Ong Lo It dan isterinya merasa girang sekali mendengar ini dan mereka berjanji akan menunda dulu maksud ini, menanti sampai ada ‘tanda-tanda baik’ dari pihak gadis itu yang tentu akan dikabarkan oleh Ong Su kepada mereka kalau hal ini terjadi.

Pada keesokan harinya, ketiga orang muda itu berpamit kepada Ong Lo It dan isterinya, dan dengan diantar sampai ke batas dusun oleh banyak penduduk di situ, mereka pergi meninggalkan Kwee-cin-bun dan menuju kota Keng-sin untuk mencari ibu Bwee Hiang.

Kalau di Kwee-cin-bun mereka disambut dengan gembiranya, di rumah ibu Bwee Hiang, yakni nyonya Gak Seng, mereka disambut dengan hujan air mata dan kesedihan. Ketika dulu Bwee Hiang diculik oleh Ho Sim Siansu, ayahnya adalah seorang yang paling kaya di kota ini dan disegani oleh orang karena selain berhati dermawan dan suka menolong orang miskin, juga Gak Seng terkenal sebagai seorang yang jujur dan pemberani.

Akan tetapi sekarang, Gak Seng sudah meninggal dunia empat tahun yang lalu, harta bendanya habis dan kini nyonya Gak Seng telah menjadi janda dan hidup sebatang kara di dalam rumahnya yang amat sederhana, menanti-nanti datangnya puterinya yang hilang terculik orang pada tujuh tahun yang lampau!

Kedatangan Bwee Hiang disambut dengan pelukan dan ciuman yang amat mengharukan. Nyonya yang kurus itu menangis dan mengeluh dengan sedihnya.

“Ibu, jangan kau bersedih, ibu. Bukankah aku sudah kembali di pangkuanmu?" kata Bwee Hiang yang mencoba untuk tersenyum sungguh pun seluruh mukanya basah air matanya sendiri. “Bagaimana kau sampai tinggal di tempat ini? Mana gedung kita dulu? Dan ayah pergi ke manakah?"

Pertanyaan ini membuat nyonya Gak Seng menangis semakin sedih sehingga sukarlah baginya untuk mengeluarkan kata-kata. Bwee Hiang terpaksa menghibur ibunya itu dan setelah mempersilakan kedua suheng-nya untuk duduk di ruang depan, ia lalu menuntun ibunya itu ke dalam kamar.
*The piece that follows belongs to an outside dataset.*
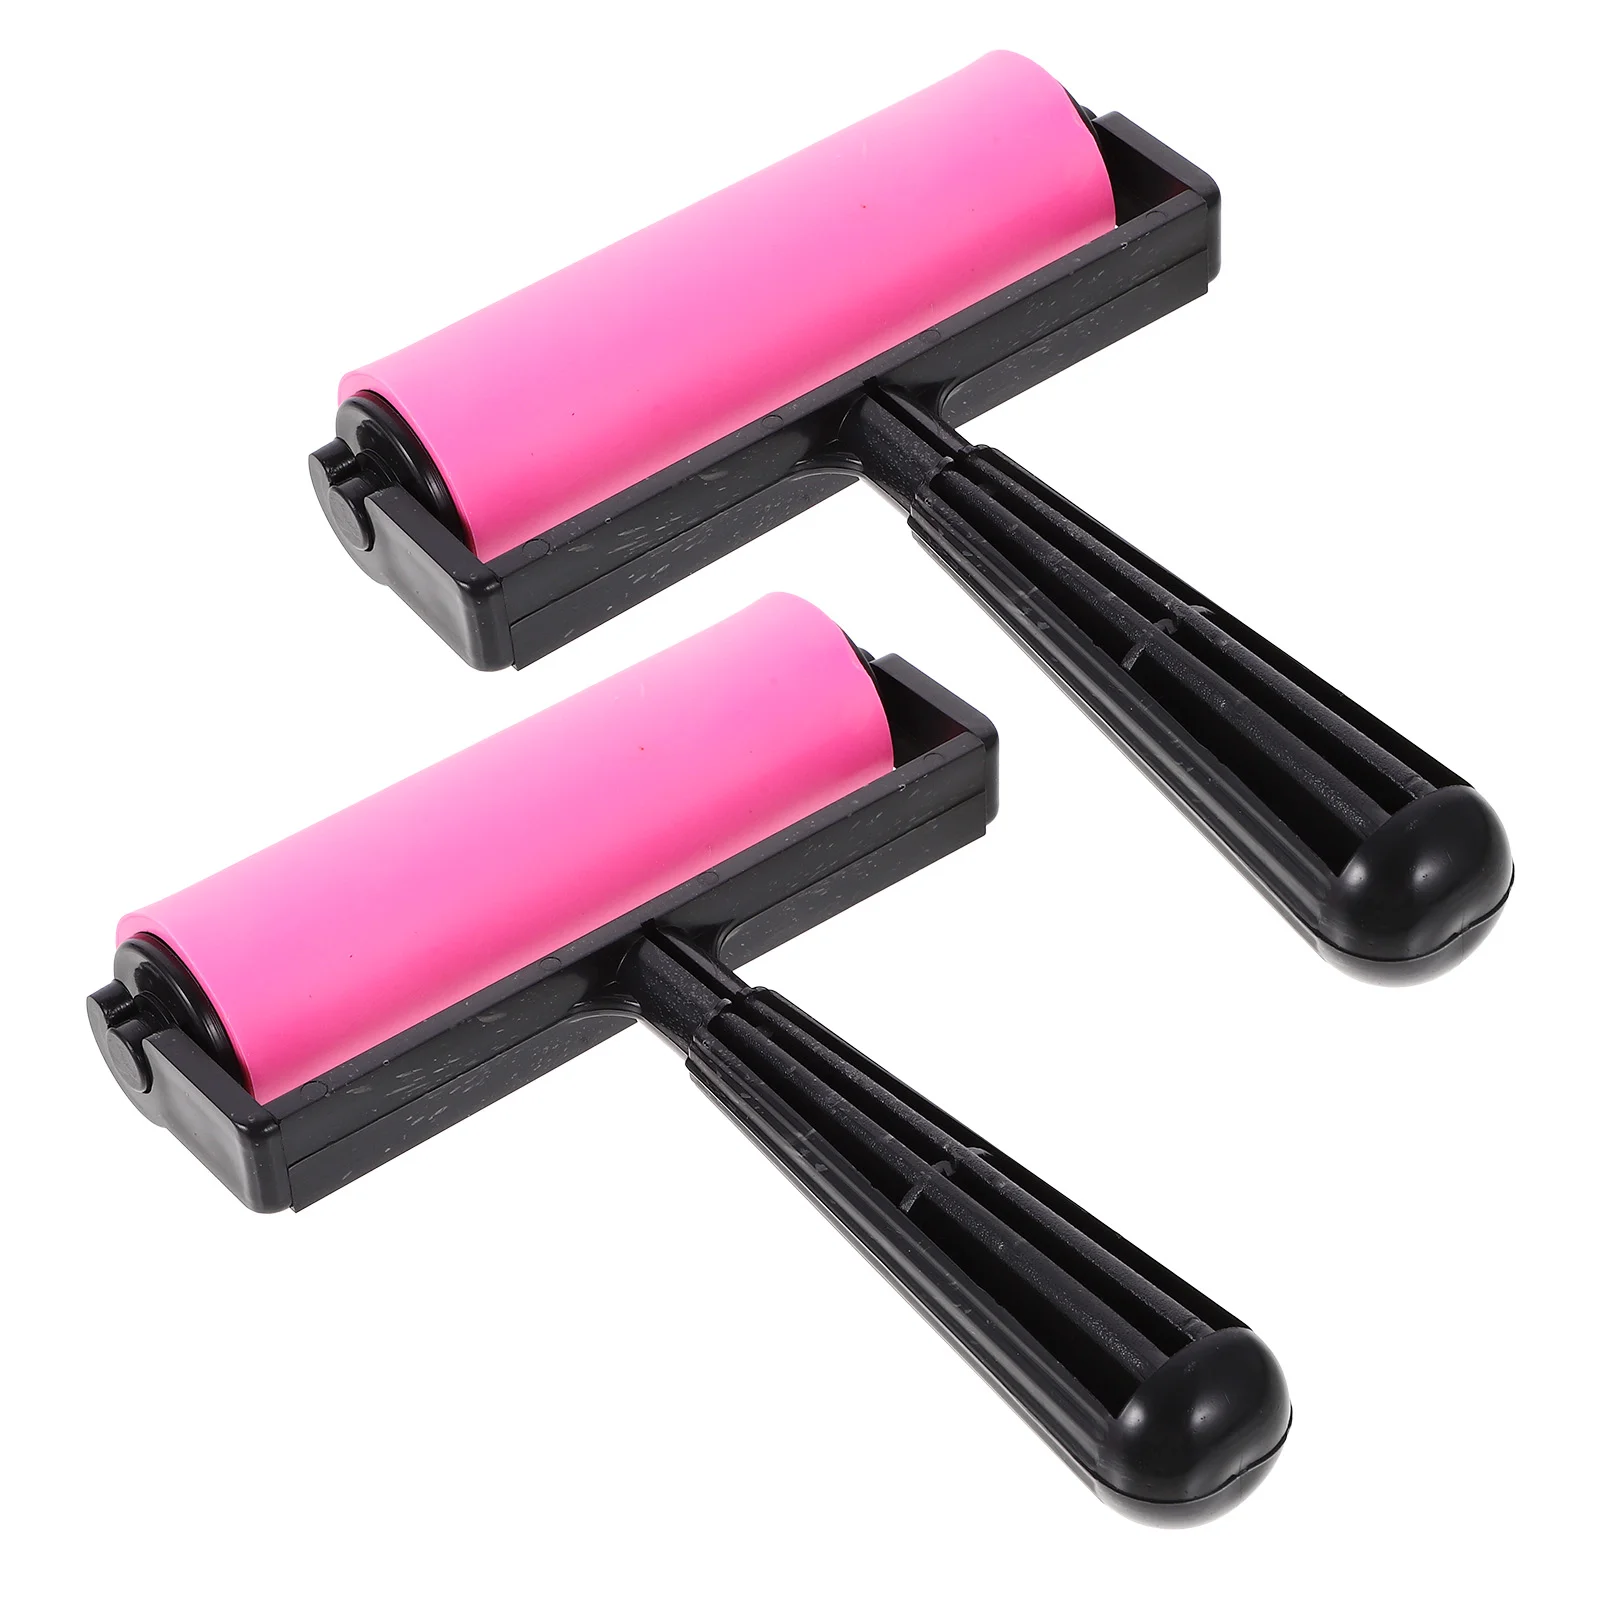 

2pcs Practical Printing Rollers Printmaking Rollers Diamonds Drawing Tools Portable Plastic Rollers

Hati Bwee Hiang merasa gelisah sekali ketika melihat sebuah meja abu di ruang tengah dan melihat keadaan rumah yang amat miskin itu. Wajahnya berubah pucat dan matanya terbelalak memandang ke arah meja abu itu, karena keberadaan meja itu di situ hanya mempunyai satu maksud, yakni bahwa ayahnya telah meninggal!

“Ibu..., meja abu siapakah ini...?”

Sambil menahan sedu sedan yang mendesak dari dalam kerongkongnya, nyonya Gak menjawab perlahan.

“Siapa lagi...? Meja ayahmu...”

Bwee Hiang menjerit dan segera menubruk kaki meja abu itu, berlutut sambil menangis terisak-isak.

"Ayah... ayah... Hiang datang ayah..., ampuni anakmu yang tak berbakti ini... aku datang akan tetapi..., ternyata kau telah pergi..."

Jeritan Bwee Hiang ini terdengar oleh Ong Su dan Ciauw In yang duduk di luar, maka tanpa memperdulikan lagi kesopanan sebagai tamu, mereka menyerbu ke dalam karena berkuatir. Melihat gadis itu mendekam di atas tanah, berlutut di depan meja abu sambil menangis terisak-isak dan menyebut nama ayahnya, keduanya berdiri bengong dan tahulah mereka bahwa ayah sumoi-nya itu telah meninggal.

Dengan terharu mereka kemudian menjura di depan meja abu itu sebagai penghormatan kepada mendiang ayah Bwee Hiang, kemudian mereka mendekati sumoi-nya dan Ciauw In yang biasanya pendiam itu berkata dengan suara menahan keharuan,

“Sudahlah, sumoi, mati dan hidup tak berbeda banyak seperti kata suhu dulu, mengapa kau bersedih! Ingatlah bahwa aku pun telah kehilangan ayah ibuku...”

Mendengar hiburan ini, Bwee Hiang menahan tangisnya, dan kedua orang muda itu lalu kembali keluar. Nyonya Gak Seng kemudian memeluk anaknya dan dibawanya masuk ke dalam kamar.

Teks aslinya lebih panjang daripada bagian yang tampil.